The unlimited spring of emotion does not differentiate between love and hate. The tantrums, the anti-fandom, the harassment and abuse of perceived enemies, whether fellow fans or public figures, is a feature of the doctrine, not a bug.
This seems very akin to the "whale hunting" tactics used by many video games, especially free mobile ones: they're okay with most people barely playing and spending nothing, because what they really want is to addict some "whales" who will spend thousands of dollars on lootboxes.
I wonder how much Gamergate and its legacy has to do with this. I was a metalhead about 10 years ago, and metal was one of the oldest of the old-school subcultures, and for all the negative consequences it had, the "gatekeeping" also ensured that people who were accepted and initiated as metalheads by metalheads would themselves pass on the traditions and maintain them something as separate from corporate marketing and fan-baiting campaigns.

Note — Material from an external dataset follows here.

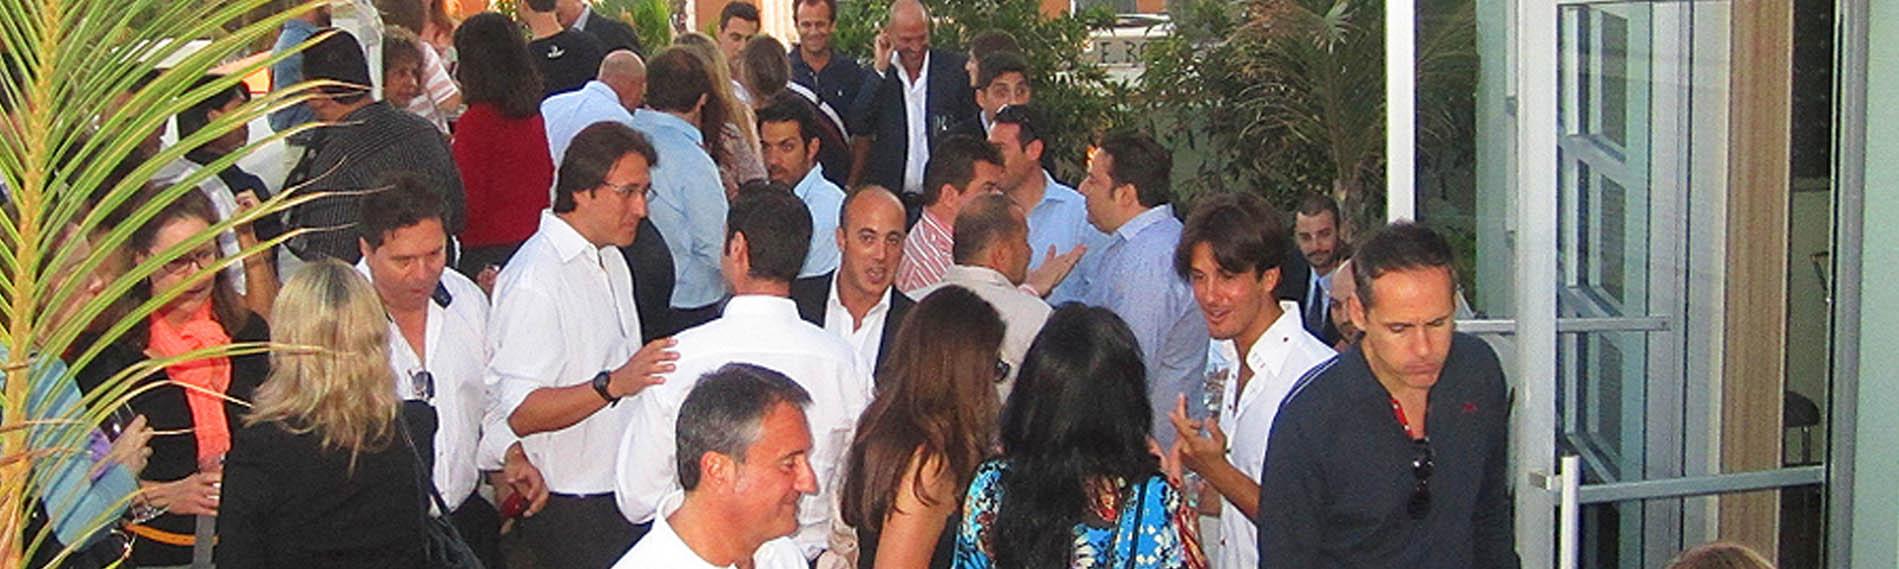 L'Aperitivo italiano en el Hotel Pelican de South Beach
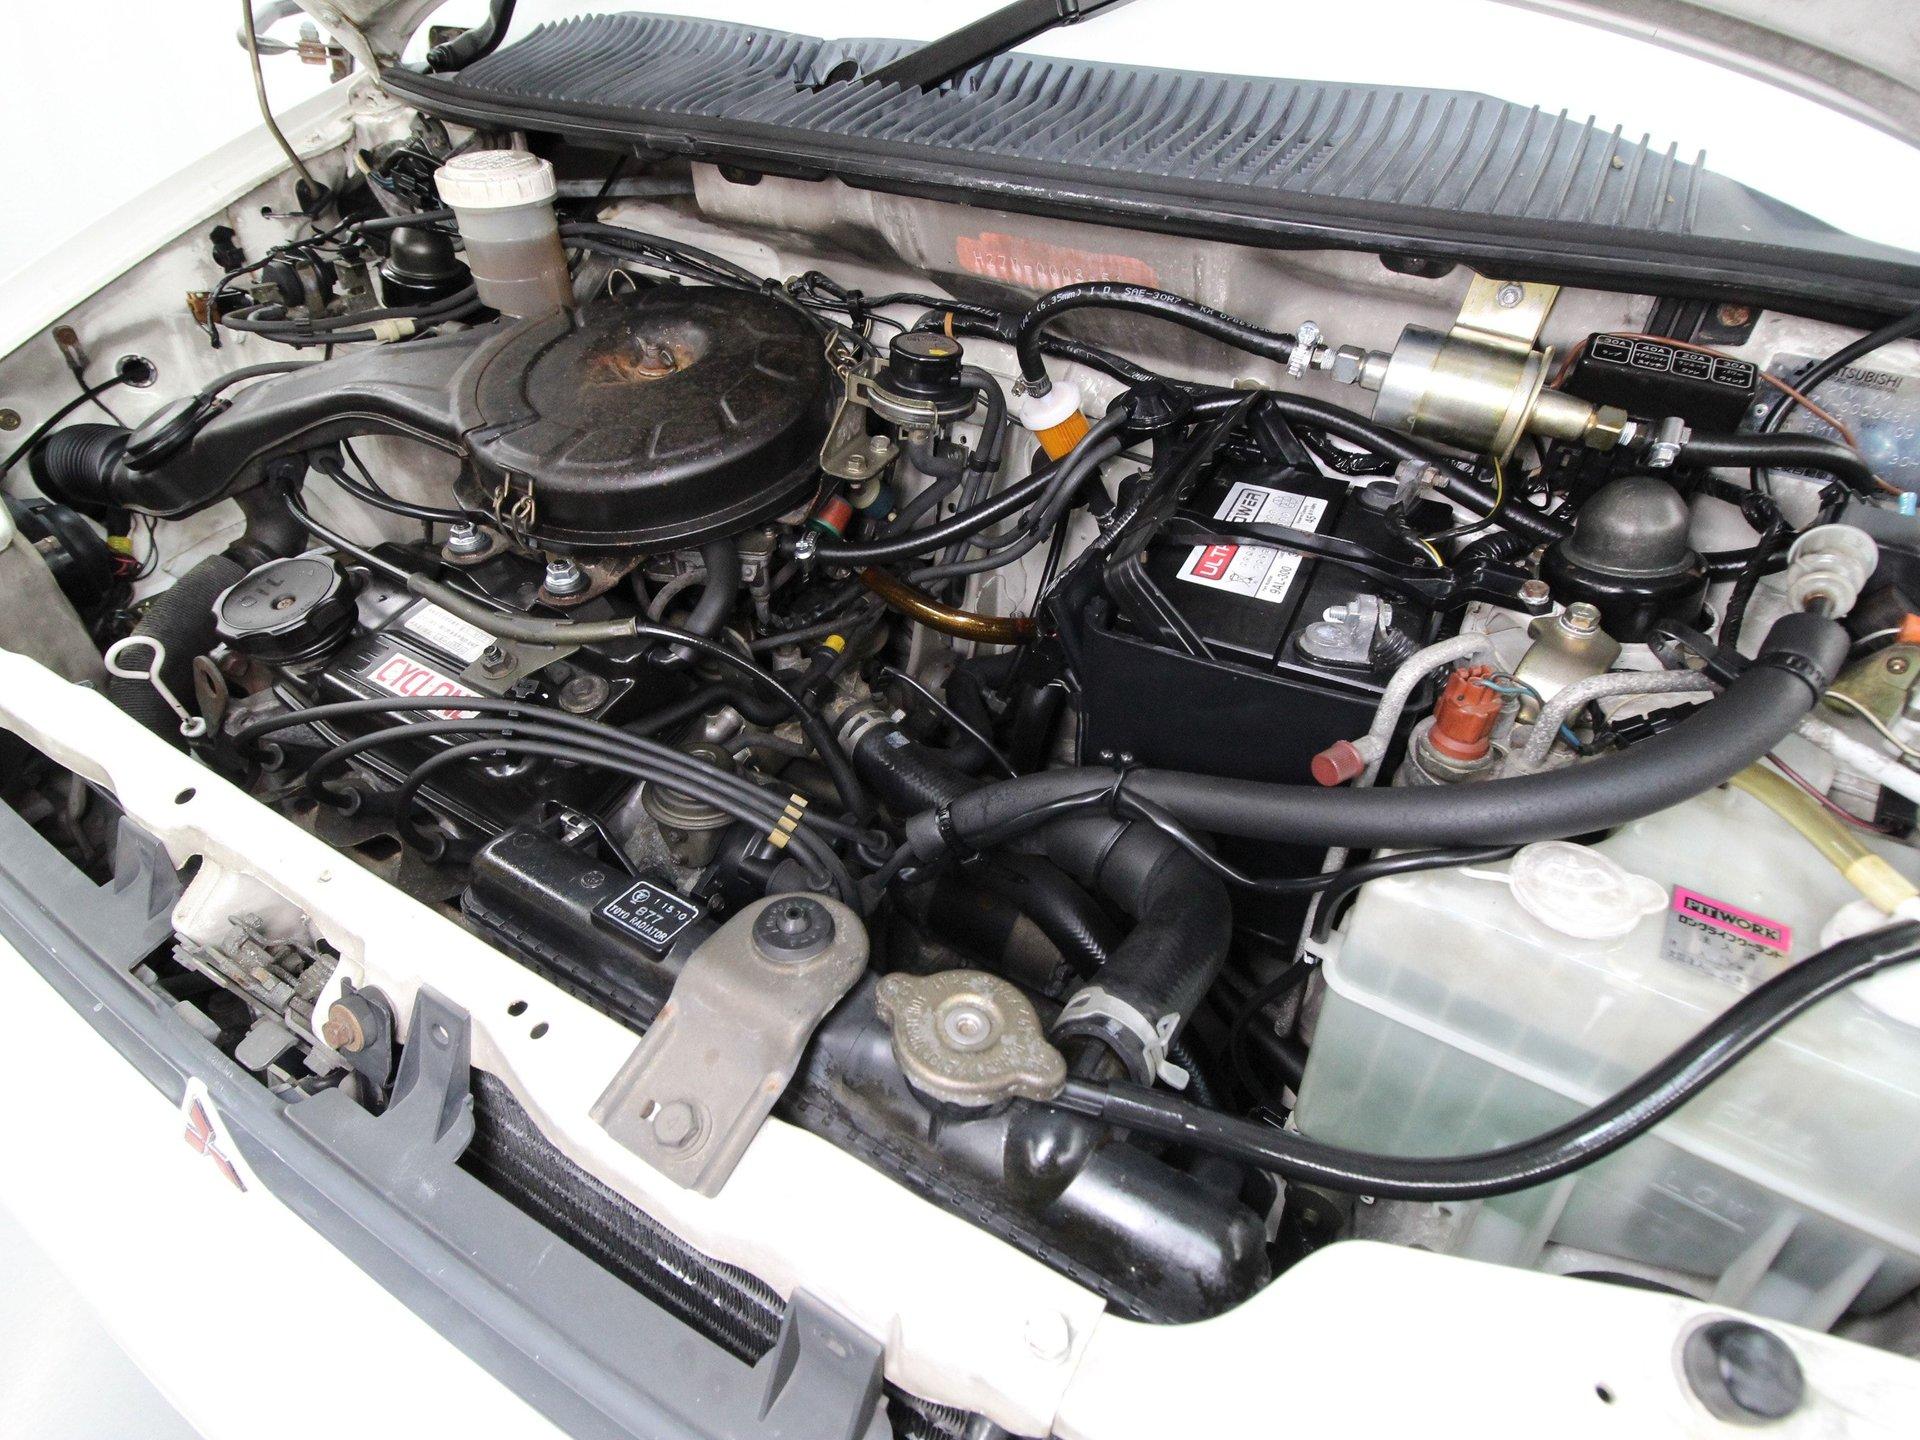 1990 Mitsubishi Minica

It is almost impossible to imagine any such scene existing today, and I think Gamergate breaking the unity of not just metal but pretty much all "nerdy" subcultures and permanently linking (arguably beneficial) attempts to keep out "trendies" and proto-influencers with (unarguably toxic) attempts to keep out women and POC smashed any possibility of fandoms existing independently of the fan objects and intellectual property holders--the very tools for doing so had become discredited by association with Gamergate hate mobs.